RW: I haven't for a bit, though I play English in The Constant Gardener, which will be coming out around the same time as this interview. My character's an activist and an aid worker and sort of a busybody troublemaker who doesn't have a real group that she belongs to. She's just kind of a solo-flying activist. [laughs]
HJ: I know the film takes place in Kenya. Did you actually shoot there?
RW: We shot a little bit in Berlin and a little bit in London but mainly in Kenya.
HJ: I understand you slept in tents some nights, no?
RW: Yeah. One time the location manager put up this tented village, and we drove there late at night and ended up in the middle of nowhere during a sandstorm. We were all a little bit frightened because we'd lost the others. Finally we vaguely made out some tents, which we all zipped ourselves into and went to bed. The next morning we discovered we were in the middle of the plains of Africa. It was extraordinary, but it definitely wasn't luxurious.
HJ: Did you love it there?
RW: Absolutely. We were filming mainly in the slums of Kibera, where tourists and white people don't typically go and where a million people live in abject poverty with open sewers and no running water or electricity. Kibera is adjacent to Nairobi; there are no street names because there aren't streets, just mud paths.
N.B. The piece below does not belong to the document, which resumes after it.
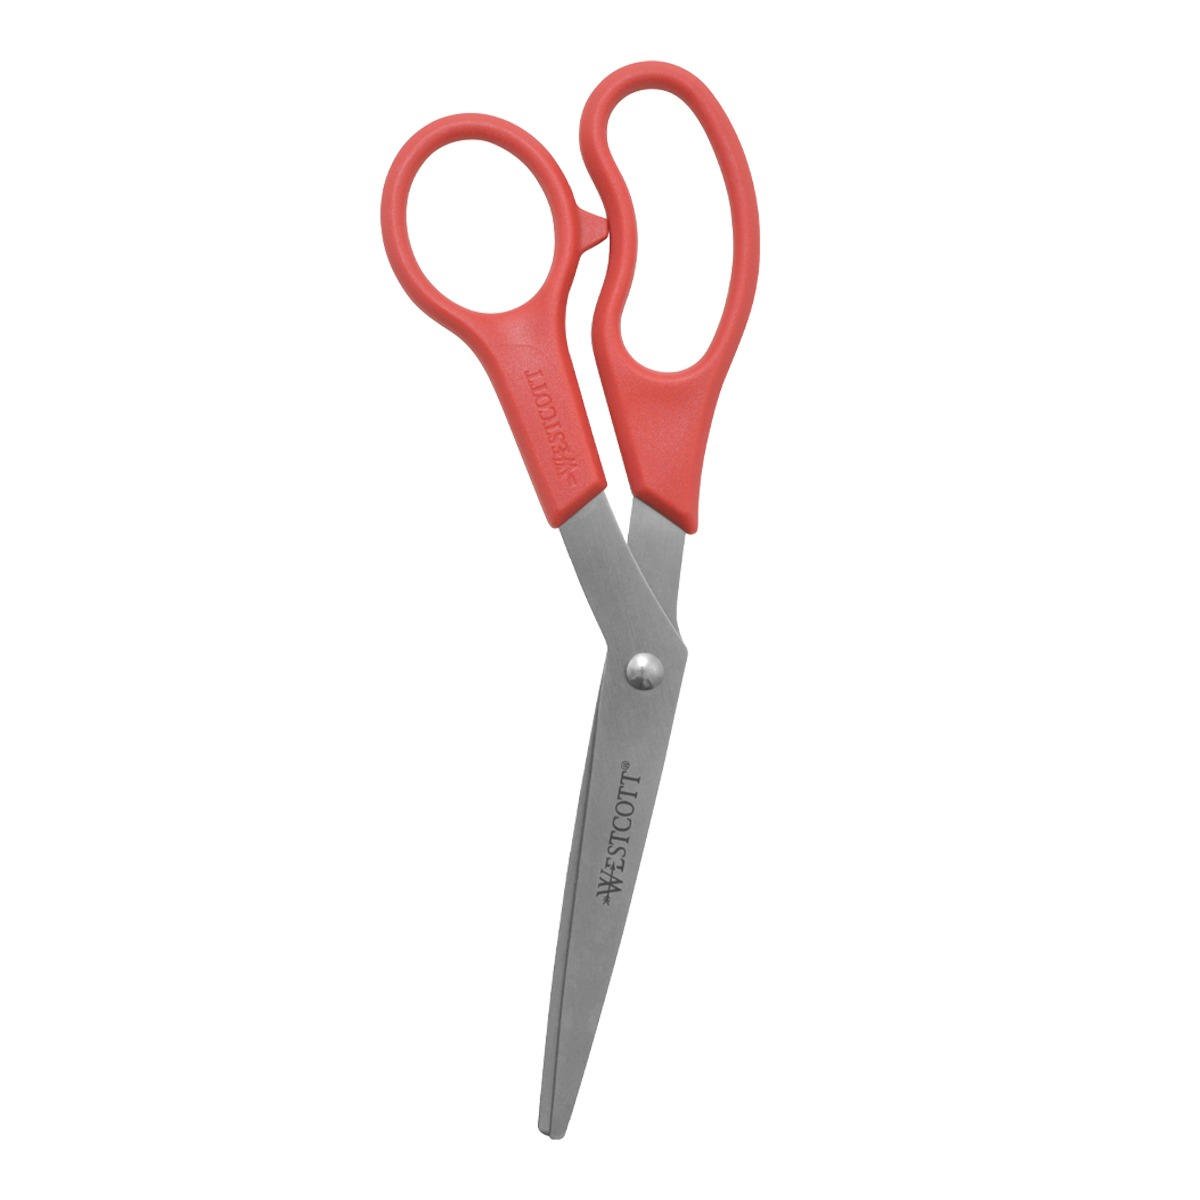 Westcott 8" Bent All Purpose Value Scissors, Red (10703)
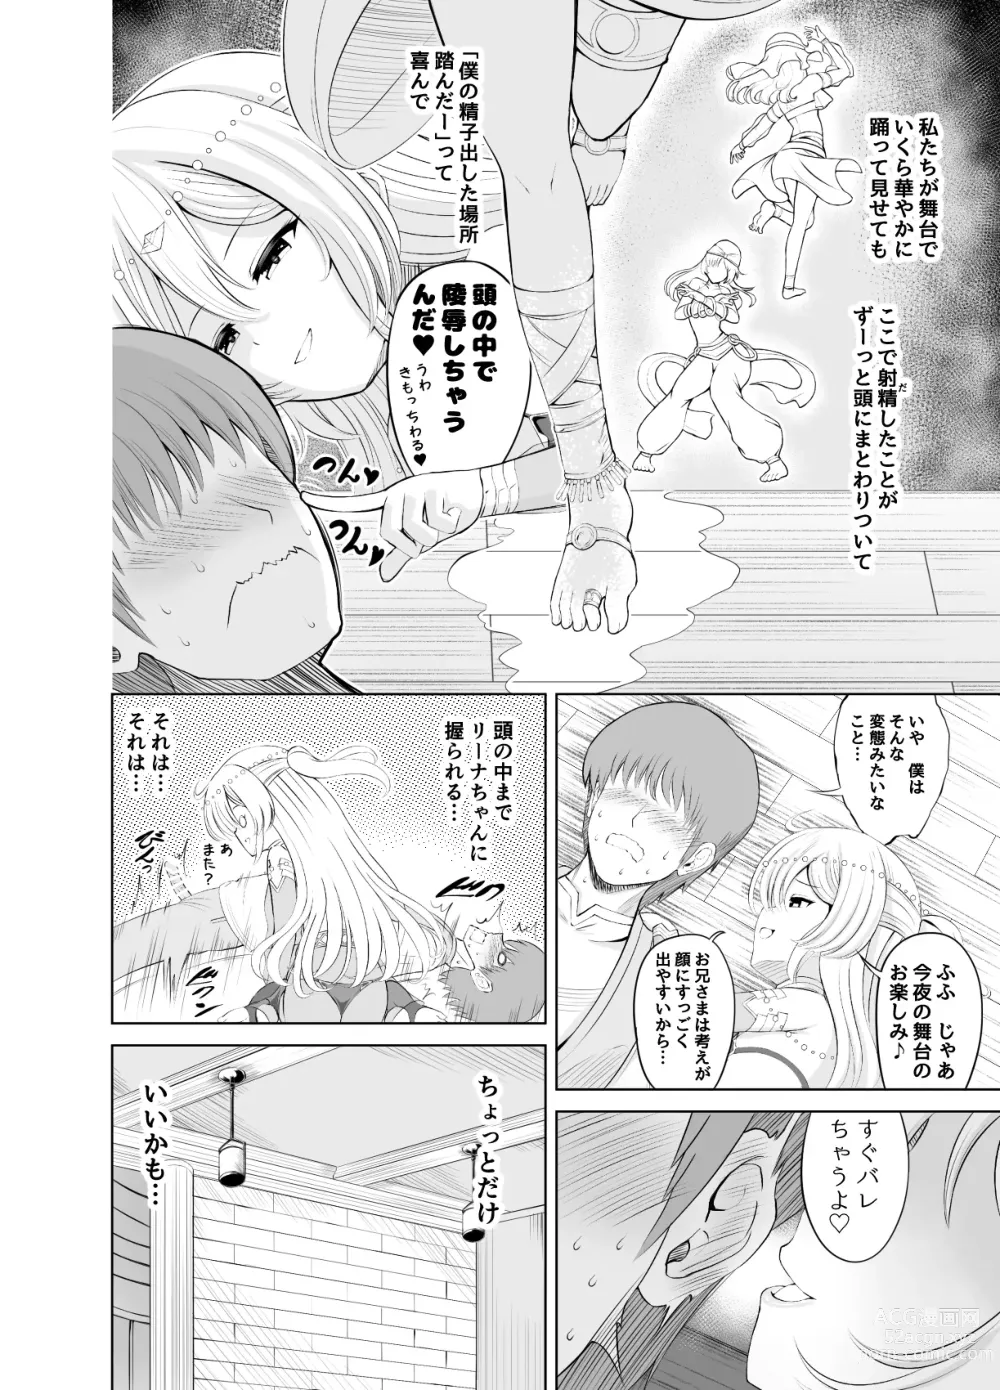 Page 8 of doujinshi Ama Zeme ~Saioshi no Koakuma Imouto-kei Odoriko ni Omocha ni Sareru Hibi no Hitomaku~

It's not a city in the way we think of a city, and yet it completely functions as one.
HJ: Did you feel conspicuous making a movie there?
RW: Well, the way in which Fernando [Meirelles] directed this film was very low-key; we didn't come in with huge cranes and lights--more like making a documentary. Fernando worked with the same cinematographer as he did on City of God (2002), a guy named Cesar Charlone, who just had a handheld camera, and he would film us as we walked around the slums in character, improvising. All the children learn a little bit of English there, and what they know how to say is "How are you?" They would come running up to us saying that and clambering all over us, and that became part of the film. The children stared at us because we were white and because they wondered what we were doing in their city, but they were very welcoming.
HJ: I've heard great things about the film from so many people. Have you seen it?
RW: I have, and I love it. it was an honor to work with Fernando.
HJ: Do you typically like seeing your films?
RW: Never--this was the first time I've ever really enjoyed watching one. The way Fernando shot Africa, it looks like Africa--all the kids, the people, they're not acting, they're just there. It's such a joy when you feel like you're not watching the technique of acting but rather are spying on something, like you're a fly on the wall. Somehow I think of this as being very Brazilian. [both laugh] They're very spontaneous. But speaking of being totally free, what you did in The Boy from Oz blew my mind. Every night you would improvise with the audience, interacting with whatever happened. It's heaven to watch somebody do that.
HJ: I had a blast doing it. [Jackman's cell phone rings] Oh, hang on, that's my wife in the other pocket.